Strategies Provide Sequence (What To Do and In What Order)
You also need to know what to do and in which order to write the recipe.
Robbins writes:
“If you know what the ingredients are and how much to use, can you now produce the same quality of cake?
No, not unless you also now the syntax of the production — that is, when to do what, and in what order.
What would happen if in baking the cake you put in first what the original baker put in last? Would you produce a cake of the same quality? I doubt it.
If, however, you use the same ingredients, in the same amounts, in the same sequence, then you will of course produce similar results.”
Sensory Input Can Be Internal or External
Our experiences include internal and external sensory input. Internally, we might add our own audio track, or we might create an image in our mind a certain way. Externally, we might hear a particular sound or see a particular image.
Robbins writes:
“We deal with sensory input on two levels — internal and external. Syntax is the way we put together the blocks of what we experience externally and what we represent to ourselves internally.

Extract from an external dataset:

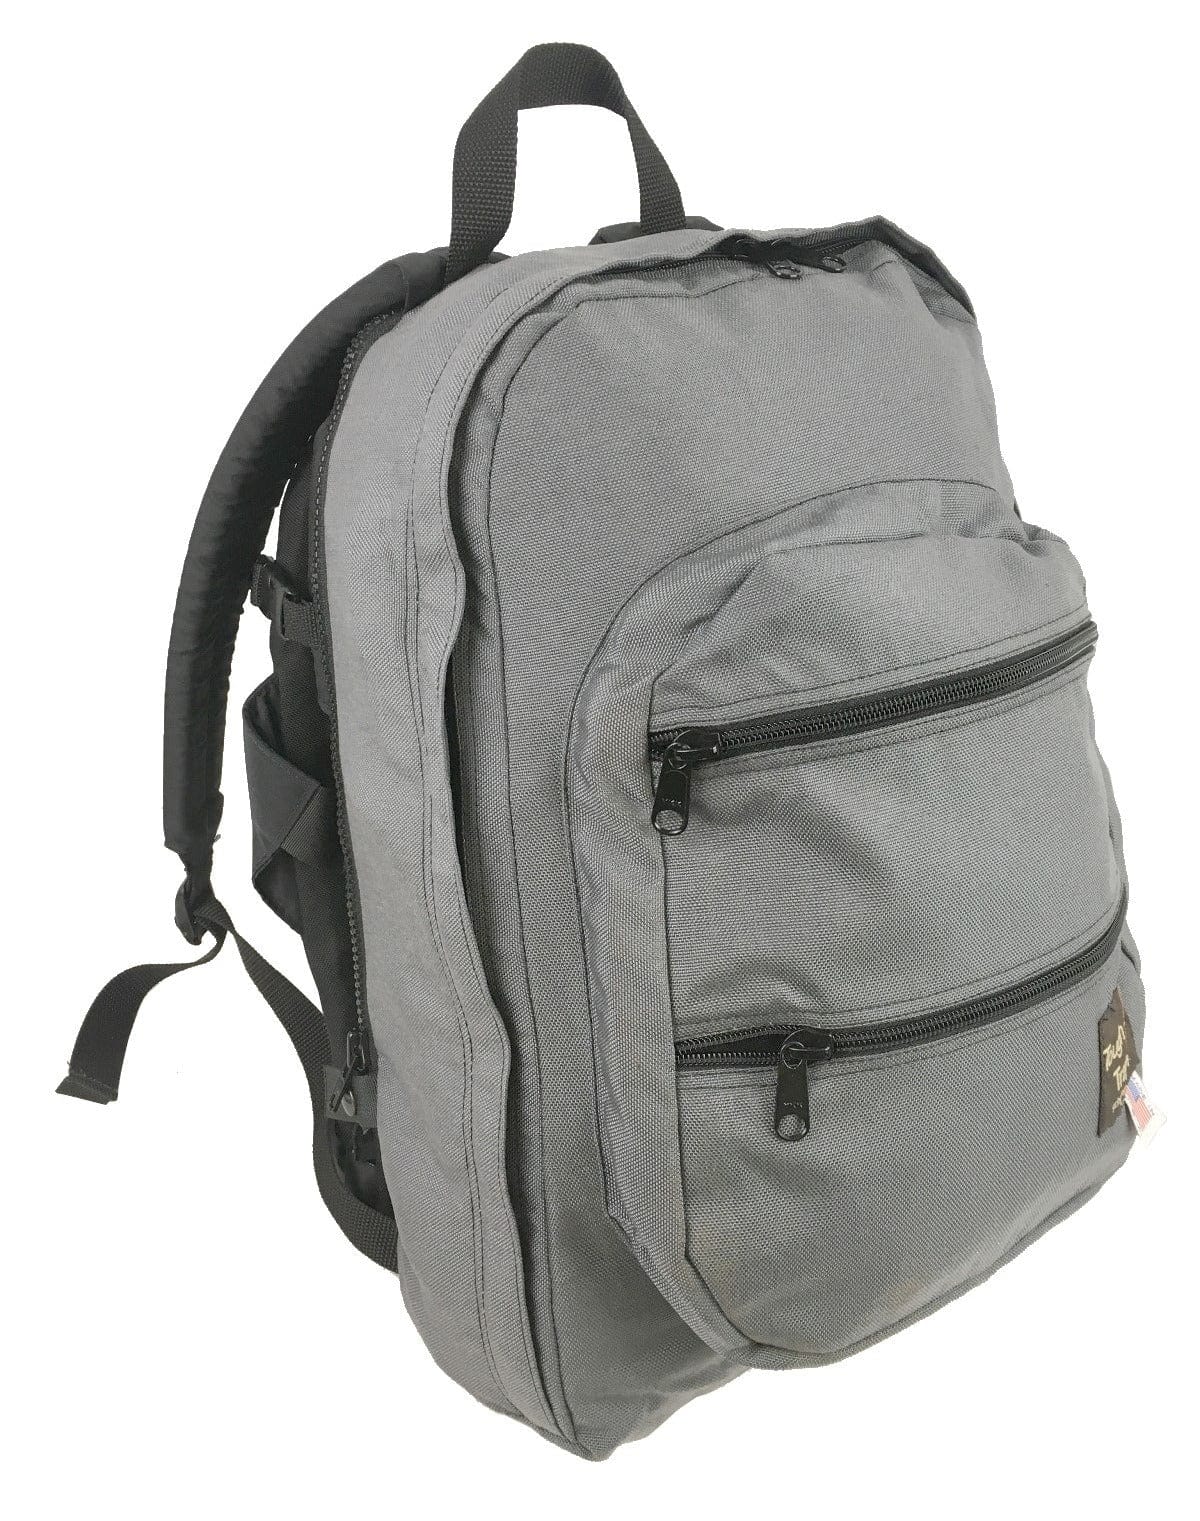 Buy Speedy Bag Organizer / Speedy Bag Insert / Customizable Online in India

For example, you can have two kinds of visual experience. The first is what you see in the outside world. As you read this book and look at the black letters on the white background, you’re having a visual experience. The second is visual internal.
…The same is true of the other modalities. You can hear a train whistle outside your window. That’s auditory external. Or you can hear a voice in your mind. That’s auditory internal.”
Capturing and Sharing Strategies
You can use simple notation to capture and share strategies.
Robbins writes:
“In order to create a recipe, we must have a system to describe what to do and when. So we have a notation system to describe strategies. So we have a notation system to describe strategies.
We represent sensory processes in a shorthand notation, using V for visual, A for auditory, K for kinesthetic, I for internal, e for external, t for tonal, and d for digital.
When you see something in the outside world (visual external), it can represented as Ve.
When you have a feeling inside, it’s Ki.
Consider the strategy of someone who gets motivated by seeing something (Ve), then saying something to herself (Aid) that creates the driving feeling (Ki) inside. This strategy would be represented in the following way: Ve-Aid-Ki.
You could ‘talk’ all day to this person about why she should do something, and it’s highly unlikely you’d succeed. However, if you ‘showed’ her a result and mentioned what she would say to herself when she saw it, you could put that person into state almost on cue.”
Share NLP Strategies to Make Others Great
If you want to accelerate your results in work and life, take a look at the strategies you use, and that others use, all around you.
You can use strategies as a way to model excellence and as a way to share what you know with others to help them accelerate their results as well.
If you are a mentor, a leader, a parent, a friend, or a teacher, this is especially helpful so you can help lift others up and make others great.